Changing the structure of an XML file
Besides cat(1), one of the most useful shell commands for interactive
use is head(1), which truncates its input after a few lines. There
are multiple generalizations of this idea for XML documents.
The xml-head(1) command has three main switches. The switch -t
truncates the tags, ie displays only the first few tags (but still
generates well formed XML). The -c switch truncates the text fields,
ie displays only the first few characters wherever text is present,
but leaves the tags as is, and the -n switch tuncates lines, so that
each text field does not exceed a certain number of lines. All three
main switches can be combined.
% xml-head -t 3 People.xml
<?xml version="1.0"?>
<People>
<Person Name="Fred Davis">
<Address>
<LineOne>4 Bushy Street</LineOne>
</Address>
</Person>
</People>
% xml-head -c 2 People.xml
<?xml version="1.0"?>
<People>
<Person Name="Fred Davis">
<Address>
<LineOne>4 </LineOne>
<LineTwo>Gr</LineTwo>
<County>Ma</County>
<Country>Ir</Country>
</Address>
<TelNo>+3</TelNo>
</Person>
</People>
Another way to modify the structure of an XML file is with xml-cut(1).

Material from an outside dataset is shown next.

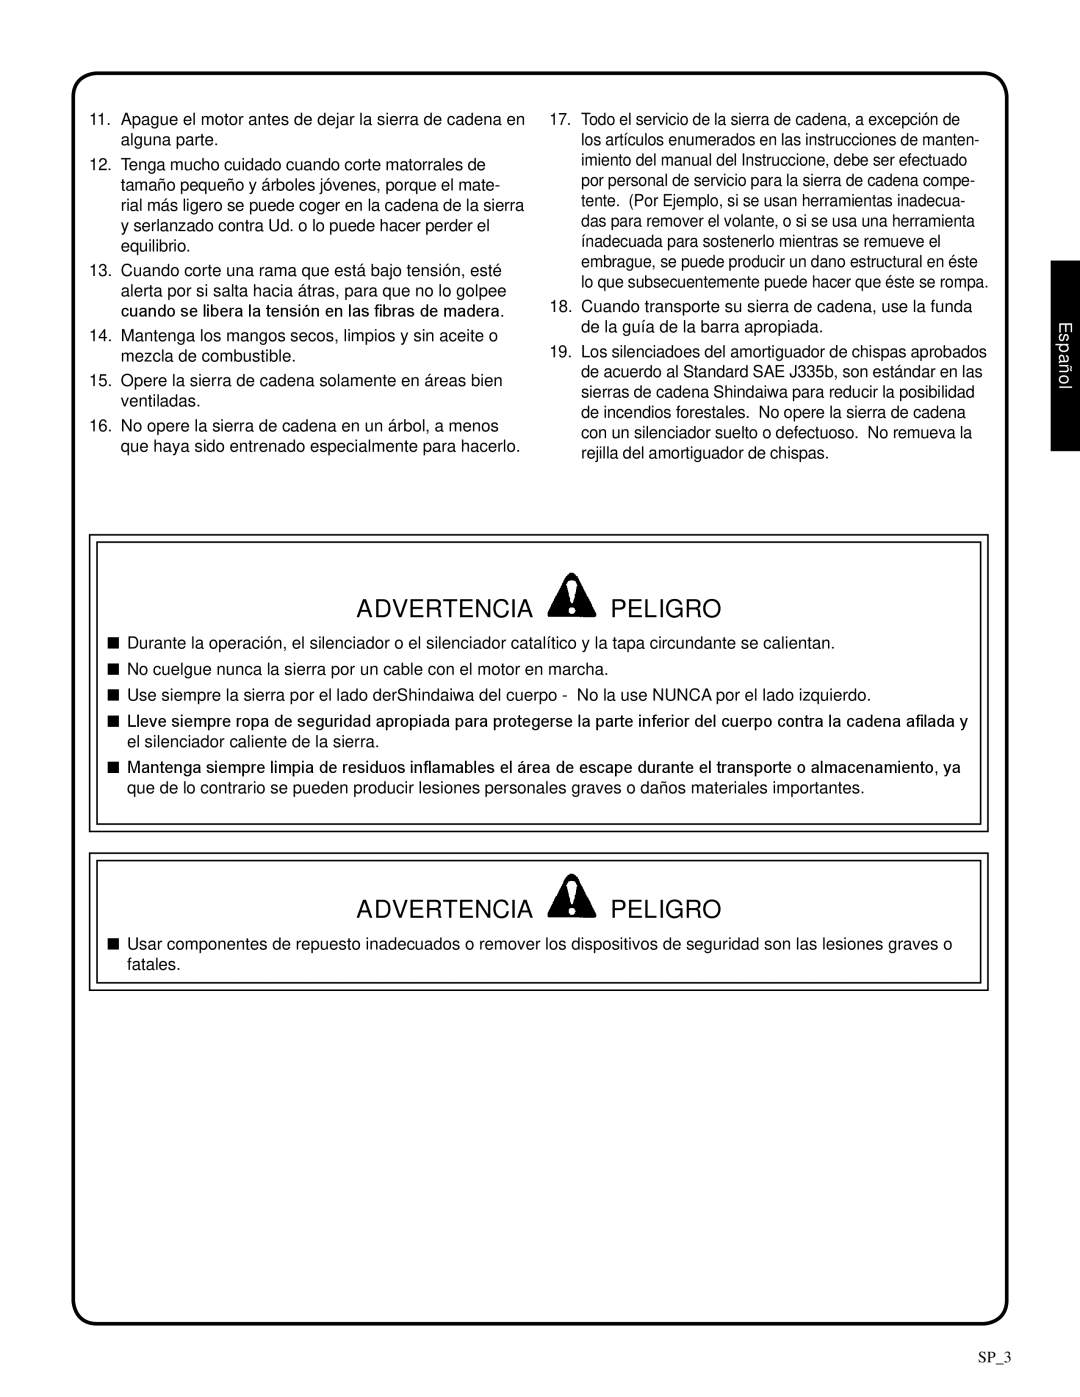 Shindaiwa 326T, 82085 manual Advertencia Peligro, Español, SP_3

In traditional Unix, the cut(1) command prints columns from an input
file that is viewed as a table (the exact meaning of a column is
determined by switches). To understand xml-cut(1), think of a fully
indented XML file, where each level of indentation is printed in its
own column:
0 | 1 | 2 | 3 | 4
----------------------------------------
<?xml version="1.0"?>| | | |
|<a> | | |
| |<b> | |
| | |<c> |
| | | |xyz
| | |</c>|
| |</b>| |
|</a>| | |
Now we can print only the columns 2 and 4 as follows:
% xml-echo -e '[a/b/c]xyz' | xml-cut -t 2,4
<?xml version="1.0"?>
<root>
<b>
xyz
</b>
</root>
Note that the closing tag </b> in this example is out of
alignment. This makes sense, once you realize that the "xyz" text
field really begins with the first newline after <c> and
contains all the whitespace before </c>. As usual, xml-fmt(1)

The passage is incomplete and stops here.